Go to the line below that has "Nickelodeon Paw Patrol", print it and each line after it exactly, and stop after the line that has "0009PE1708 - Prince"; leave out pictures.

** DATASET RECORDS follows **

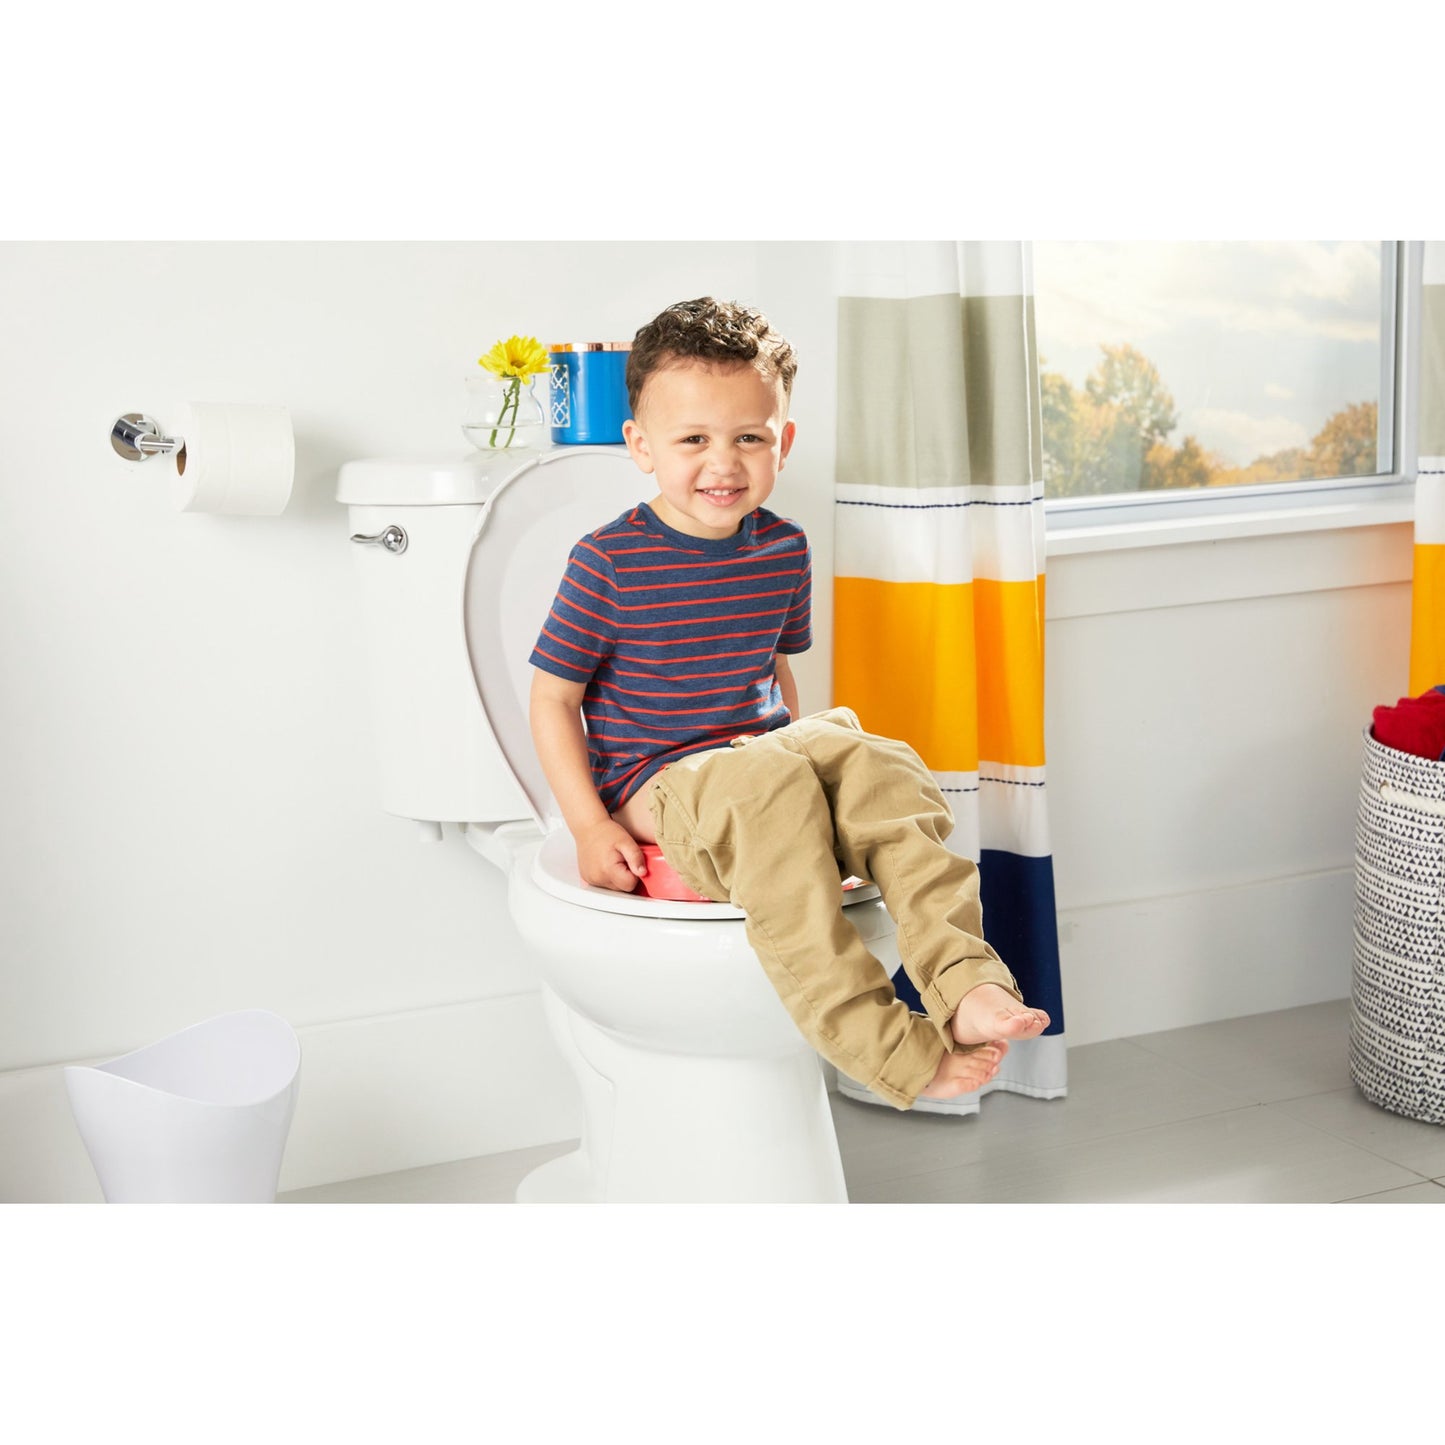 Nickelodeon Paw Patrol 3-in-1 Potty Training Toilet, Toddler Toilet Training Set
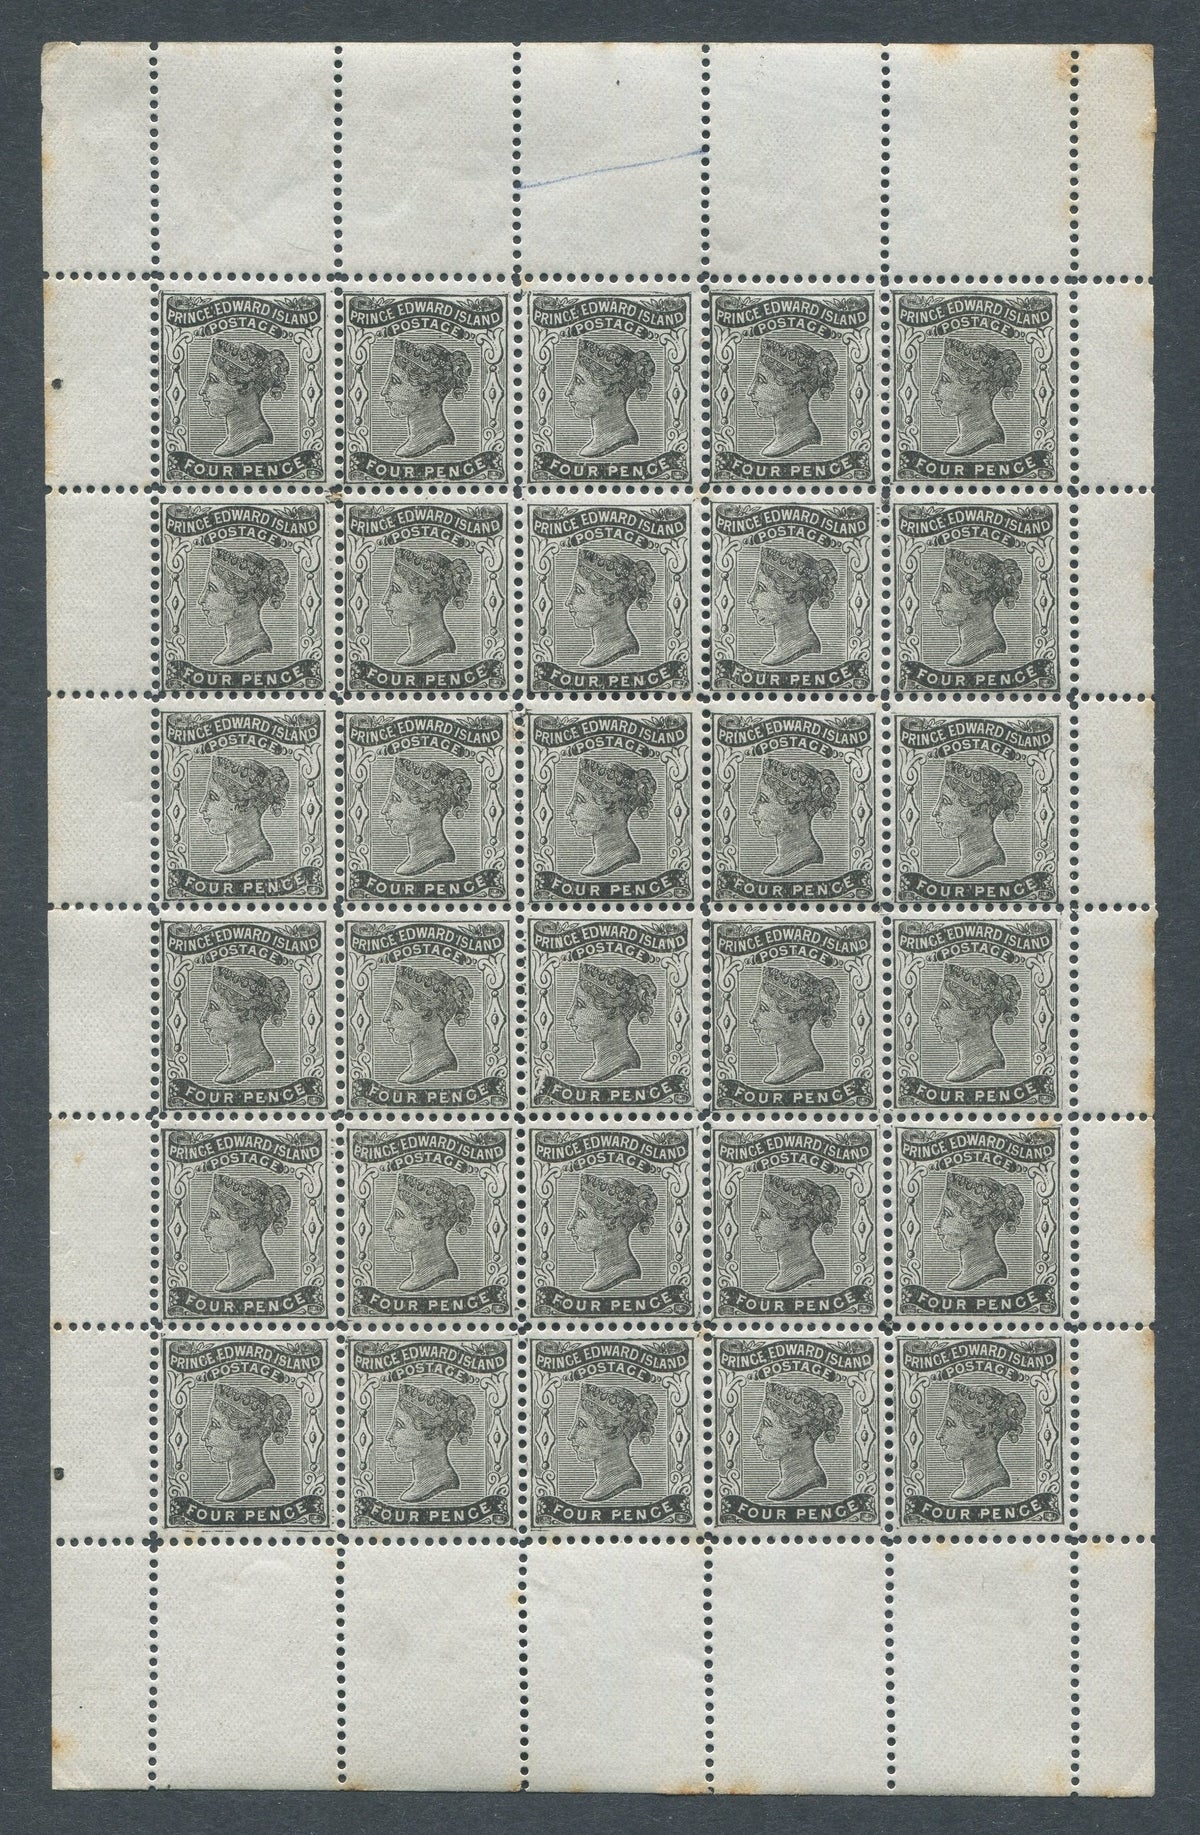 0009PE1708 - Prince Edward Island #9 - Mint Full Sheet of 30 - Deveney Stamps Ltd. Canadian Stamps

** End of DATASET RECORDS **
** DATASET RECORDS follows **

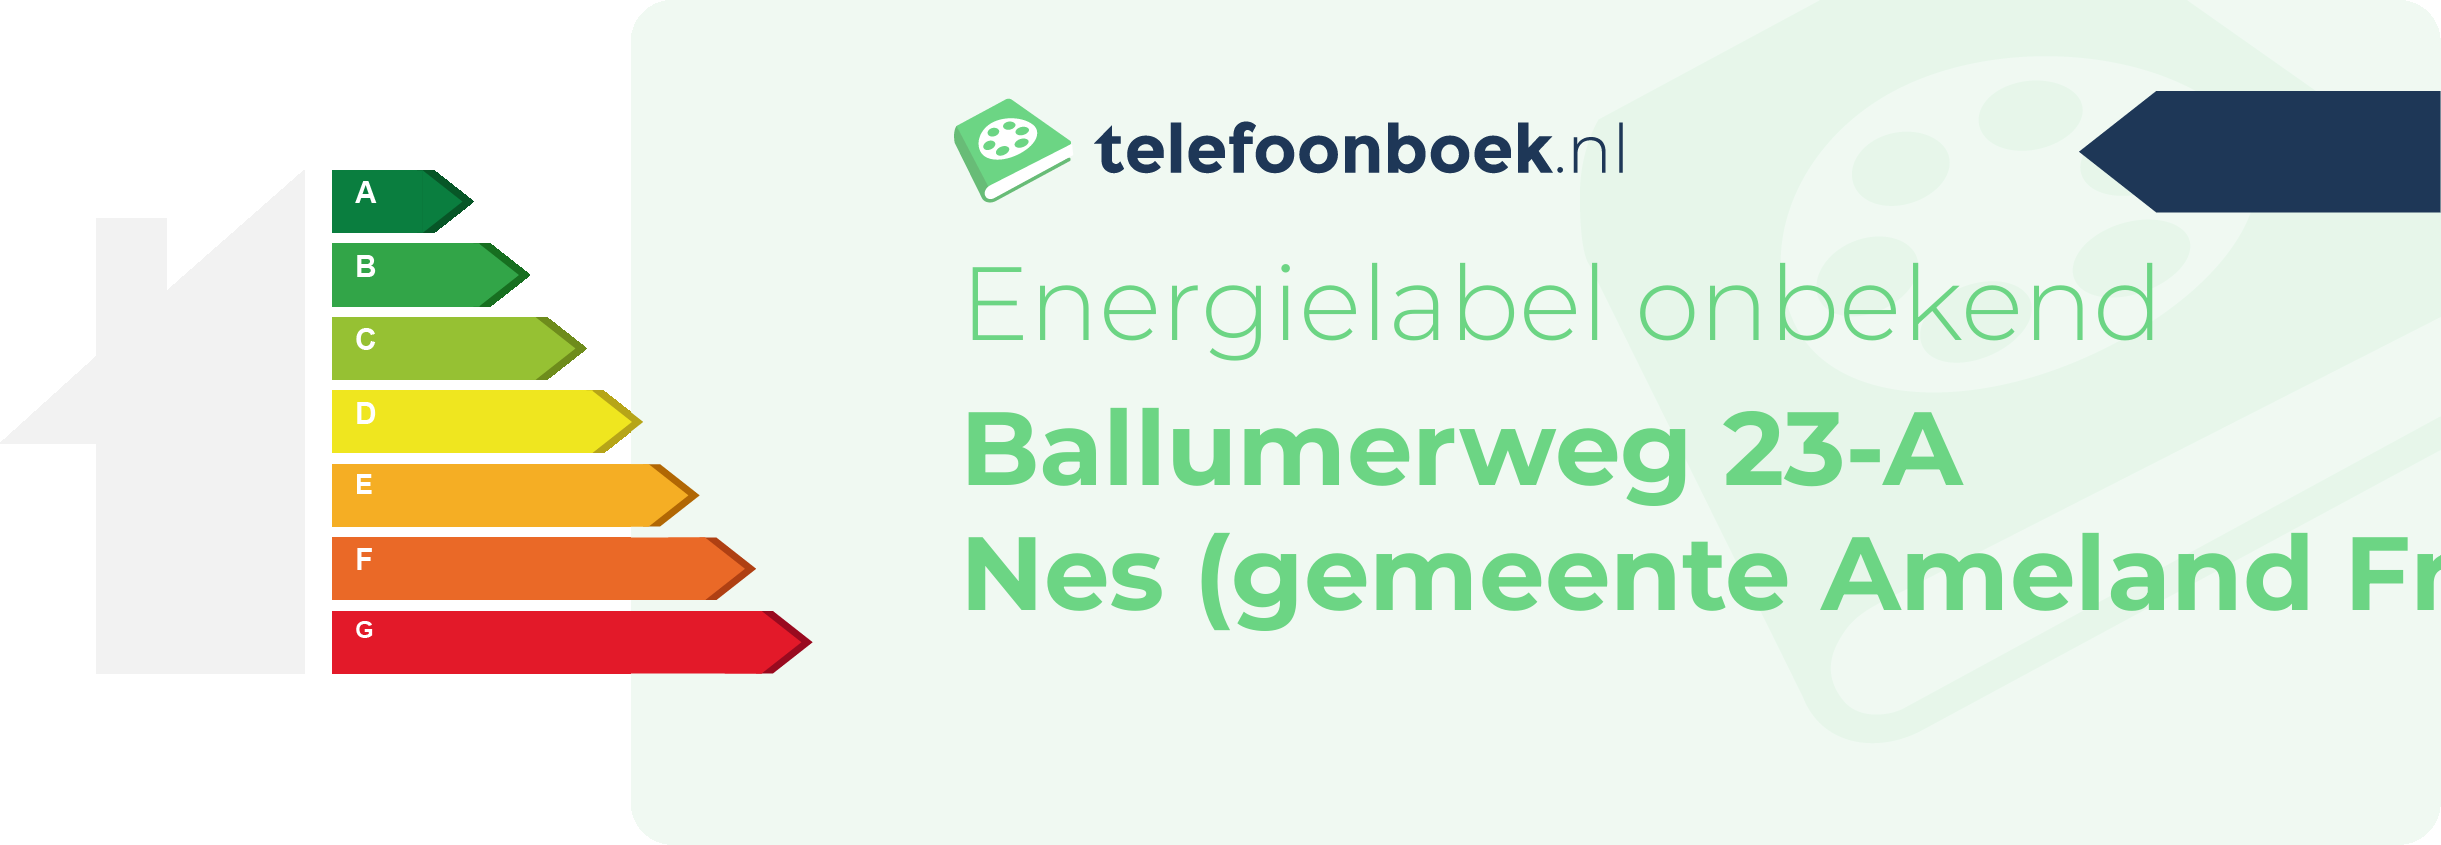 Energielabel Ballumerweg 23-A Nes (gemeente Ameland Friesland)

** End of DATASET RECORDS **

▶ [WRITTEN RESPONSE]:
 Nickelodeon Paw Patrol 3-in-1 Potty Training Toilet, Toddler Toilet Training Set
 0009PE1708 - Prince Edward Island #9 - Mint Full Sheet of 30 - Deveney Stamps Ltd. Canadian Stamps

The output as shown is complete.